И он думал отравленные думы свои, а вокруг него, вздыхая, плача, тихо молились мужики в лапотках, бабы сморщенные, и, хотя не понимали они ничего из того, что свершалось у алтаря, были они все умилены и согреты тихим старцем и чувствовали себя хоть на время в надежном пристанище…
А тем временем пока в бедной церковке, в убогой ризе, над бедной толпой торжественно совершал богослужение тихий старец – старец-великан, старец-ребенок, – на опушке звенящего вешними песнями леса, на берегу тихо-светлой Шексны, припав к пахучей земле, лежал маленький боярин и, все забыв, привычно, доверчиво, сладостно исповедовал ей, Матери-Деве, грехи свои вольные и невольные, словом, делом и помышлением. И он ясно слышал ответы ее благословляющие и ласковые…
В беседе со старцем Нилом Вассиан не ошибся: Иосиф Волоколамский, поджигаемый Данилой Агнечем Ходилом – он брал в монастыре все большую и большую силу, – крепко нажимал на великого князя Василия, а тот вместе со стареющей, но такой же неуемной матерью наседал на усталого от жизни Ивана. Старику все более и более казалось, что, в самом деле, нечего искать каких-то там новых путей по жизни, что старые будут понадежнее. Ну хорошо, воспользуется он, например, вольнодумцами, чтобы скрутить попов, а потом те же вольнодумцы, справившись с попами, за него возьмутся. Владыка митрополит намедни сказывал, что лет сто назад такие же еретики в Болгарии были, богумилами прозывались, и они учили не повиноватися властителям своим, хулить богатых, отец духовных ненавидеть, мерзкими Богу мнить работающих царю и всякому рабу не веля работати господину своему… Раскачать все ничего не стоит, а потом?..
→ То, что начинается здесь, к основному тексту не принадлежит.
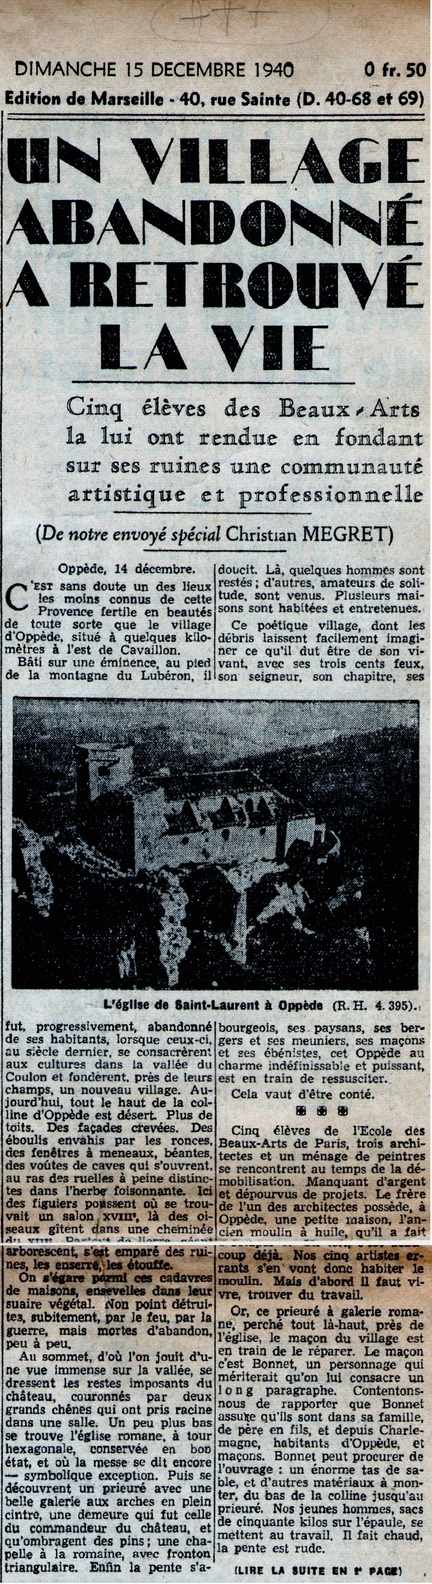 Un village abandonn a retrouv la vie - Le Jour L'Echo de Paris, 15 dcembre 1940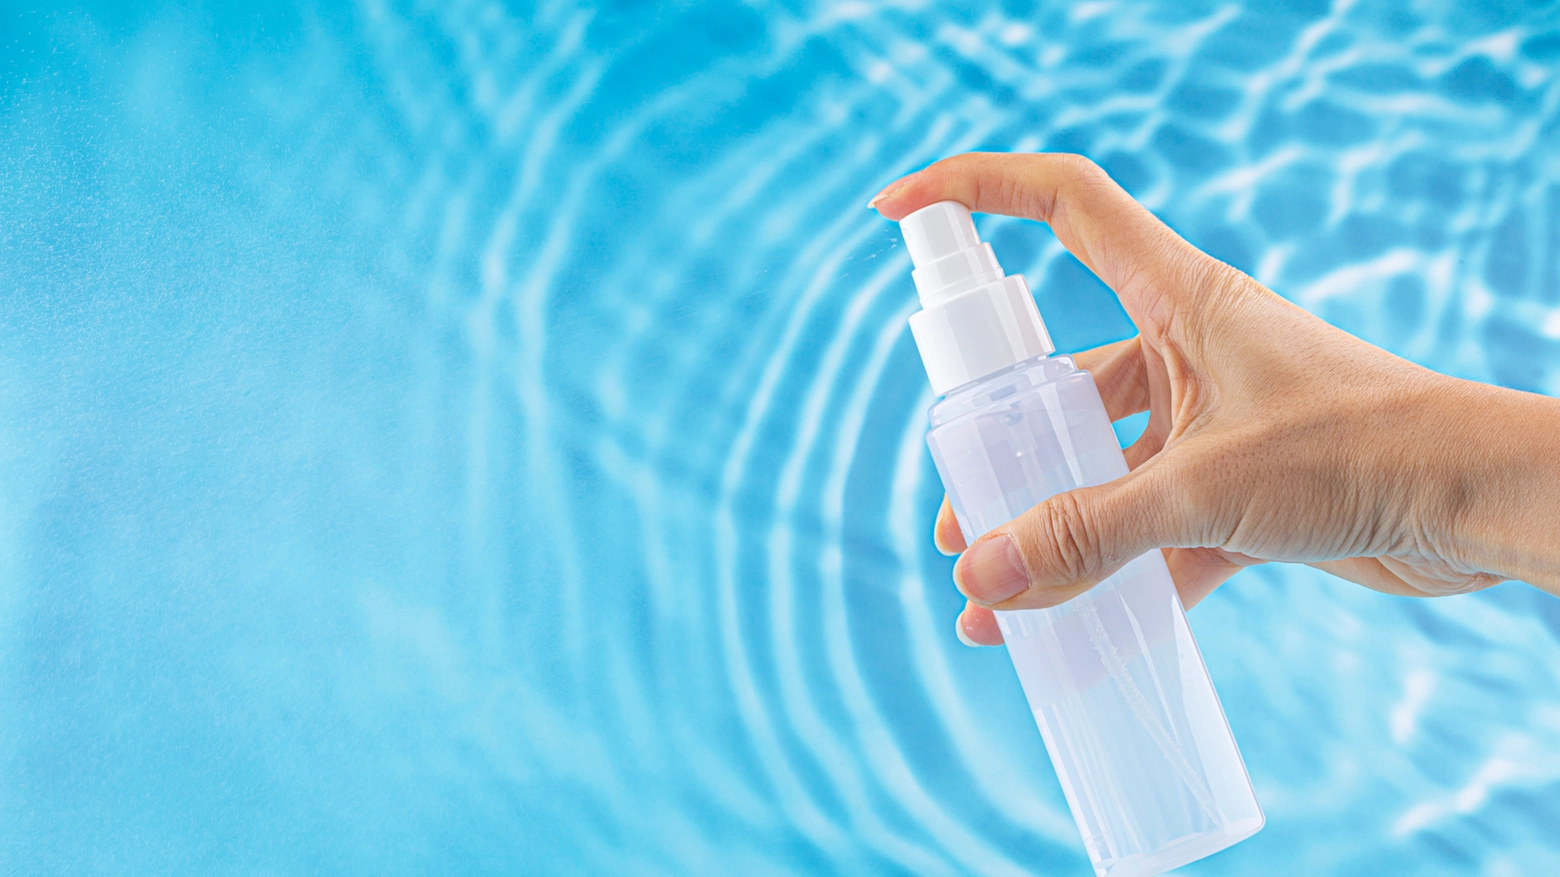 La guida per la scelta della migliore acqua termale per la pelle - Crediti: iStock

– Ну что же, сынок?.. – сказал как-то он сыну-наследнику. – Надо дерзким окорот дать, которые больше других голову подымают…
– Да кто же больше вреды делает, как не княгиня Елена да дьяк твой Федор Курицын? – сказал Василий.
Иван сурово нахмурился.
– Напролом идут только дураки!.. – сказал он сердито. – Елена мне все же сноха, и, пока я жив, я не дам тебе сводить с ней счеты. И дьяка Курицына не дам: он в делах государских понимает куды больше тебя, и таких советников отцовских тебе первому беречи бы надо. Что он за нововеров тянул, так это, может, потому, что это мне на руку было, а увидит поворот у меня, и сам повернет. Ты должен о деле государском думать, как лутче Руси порядок дать, а ты думаешь только, как бы нагадить тем, кто тебе не люб… Пошел!